Dr. Journe filed his complaint for divorce seeking custody of the three
children on June 13, 1994 before the Tribunal de Grande Instance in
Paris. In response, Ms. Soto voluntarily submitted to the jurisdiction
of that court, and appeared before the presiding judge at the scheduled
hearing to contest Dr. Journe's demand for custody. Put another way,
petitioner already had on November 17, 1994 what he sought the Court to
return to him: a French judicial forum, selected by him, fully capable
of deciding the merits of his claim for custody under French law.
Notwithstanding the above circumstances, it was undisputed that
petitioner, out of his own free will, voluntarily dismissed his divorce
and custody action then pending before the French court. The Court
rejected his claim that the dismissal was due to a transoceanic
reconciliation which occurred during a 30- second telephone conversation
as not credible under the circumstances of this case.
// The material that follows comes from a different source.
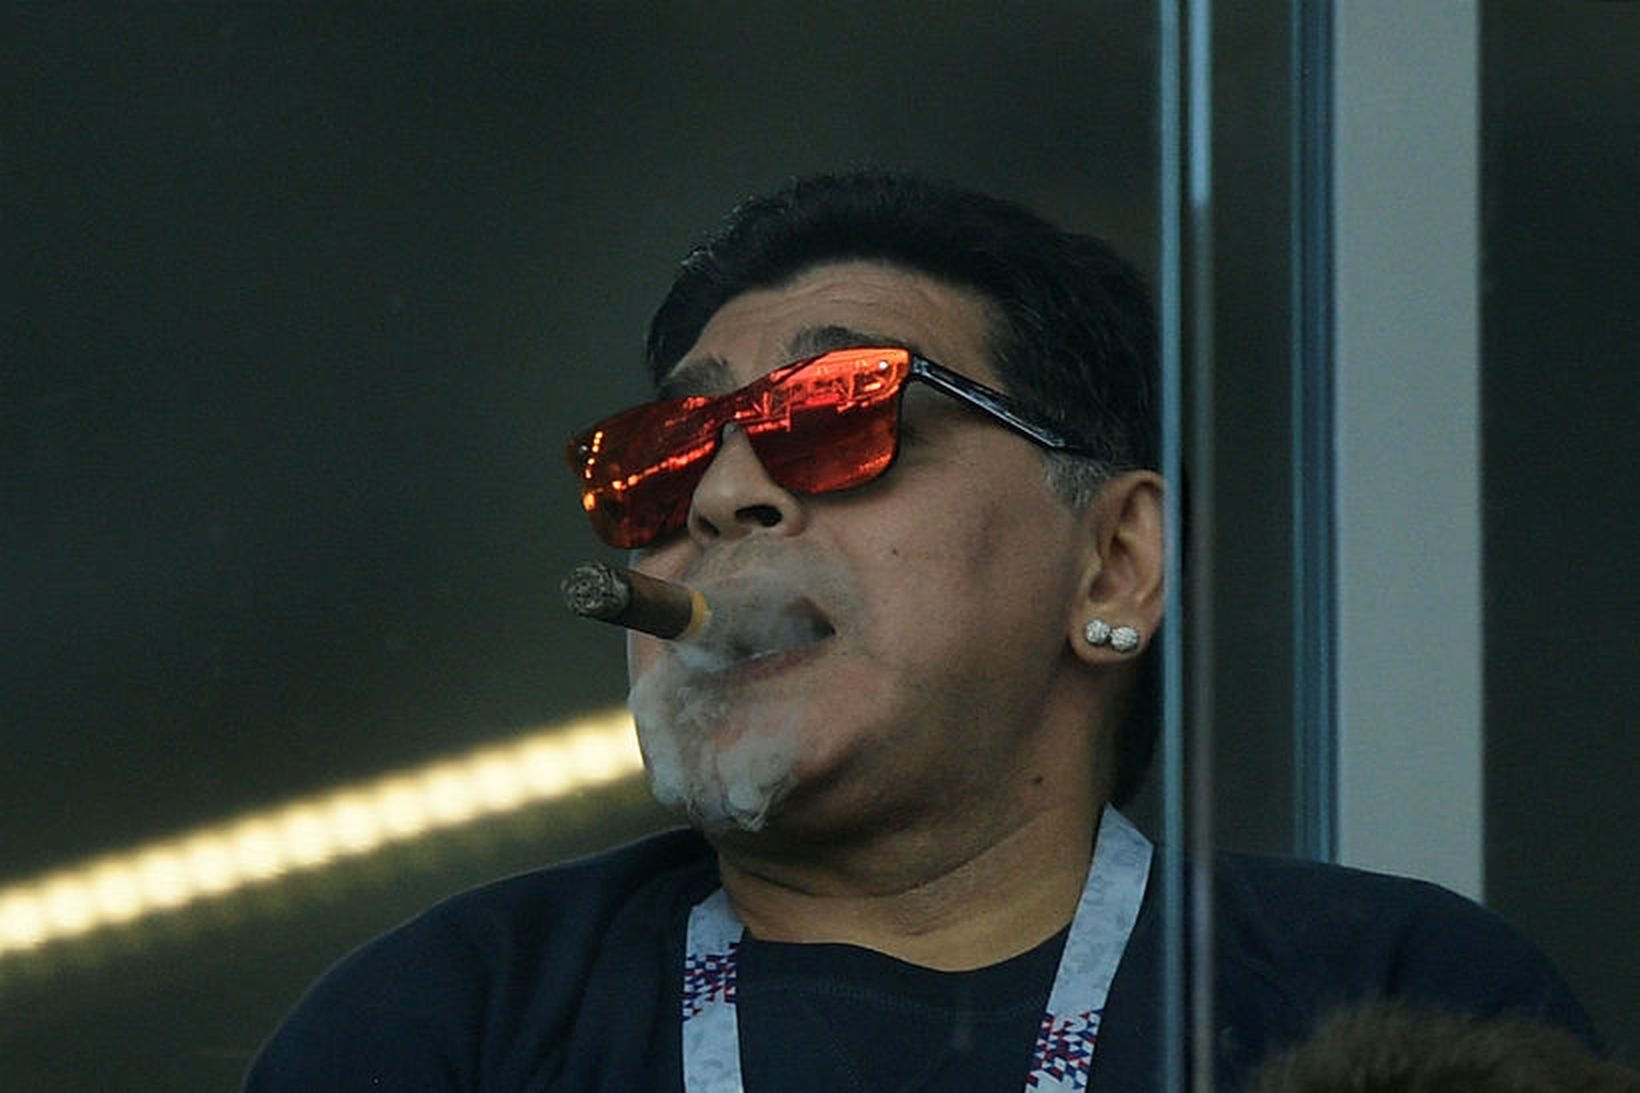 Athygli vakti að Maradona kveikti sér í vindli í stúkunni, …

The Court noted that this argument overlooked the fact that by its
terms, the Convention imposes no requirement that there be an underlying
custody proceeding pending in the courts of the state of habitual
residence as a necessary prerequisite
to the application of its provisions. Respondent nevertheless urged
the Court to exercise its equitable powers to deny petitioner the relief
he seeks, on the grounds that having by his own actions secured the
dismissal of the divorce and custody proceedings before the Tribunal de
Grande Instance in Paris, he should now be estopped from attempting to
gain through the Convention a second opportunity to litigate these same
custody issues before the same French courts.
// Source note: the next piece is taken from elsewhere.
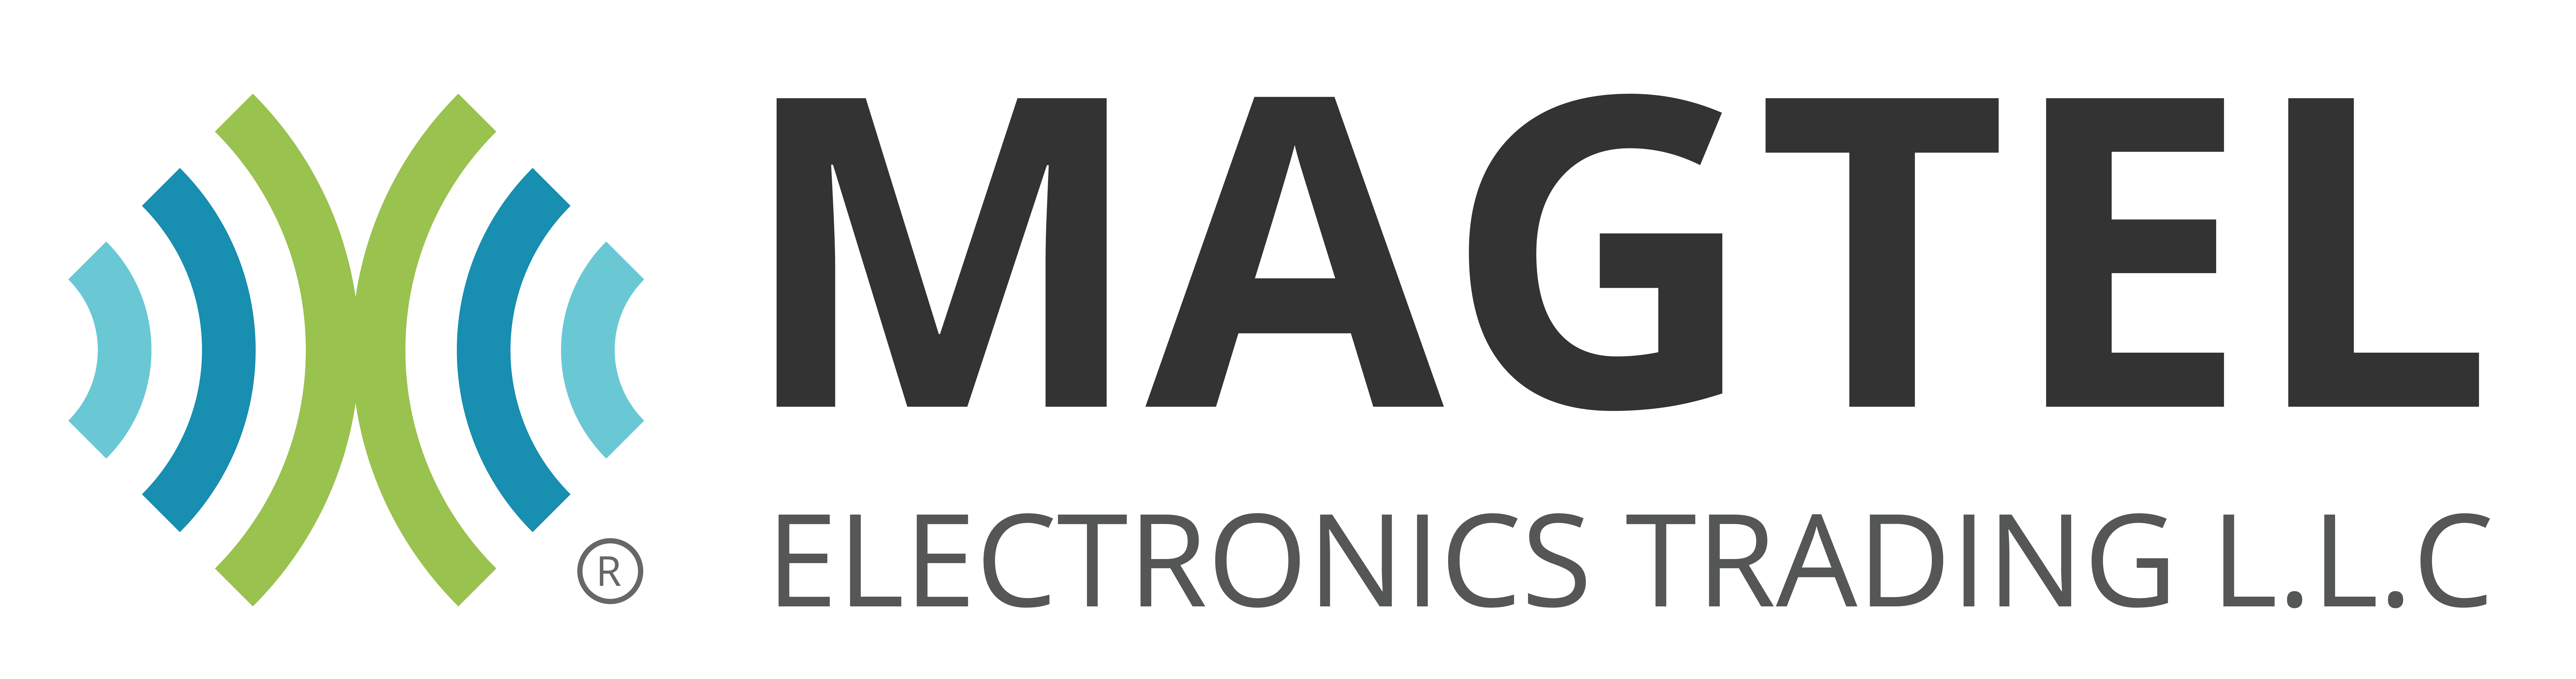 Magtel Electronics Trading L.L.C

The Court held that Dr. Journe's voluntary dismissal of his action
for divorce and custody of the children acts as a waiver of his rights
under the Convention. His petition to the French Central Authority was
premised on the underlying action for divorce then pending before the
French courts. His remedy under the Convention would put him in the same
position he was on November 17, 1994. Once again, he would have his
choice of a French forum to decide the custody issues under French law,
as contemplated by the Convention. Given these circumstances, his
voluntary dismissal of the action for divorce could only be
characterized as indicative of an intent to relinquish his rights to
have the custody issues decided by the courts of France. No other
reasonable explanation of his conduct was possible.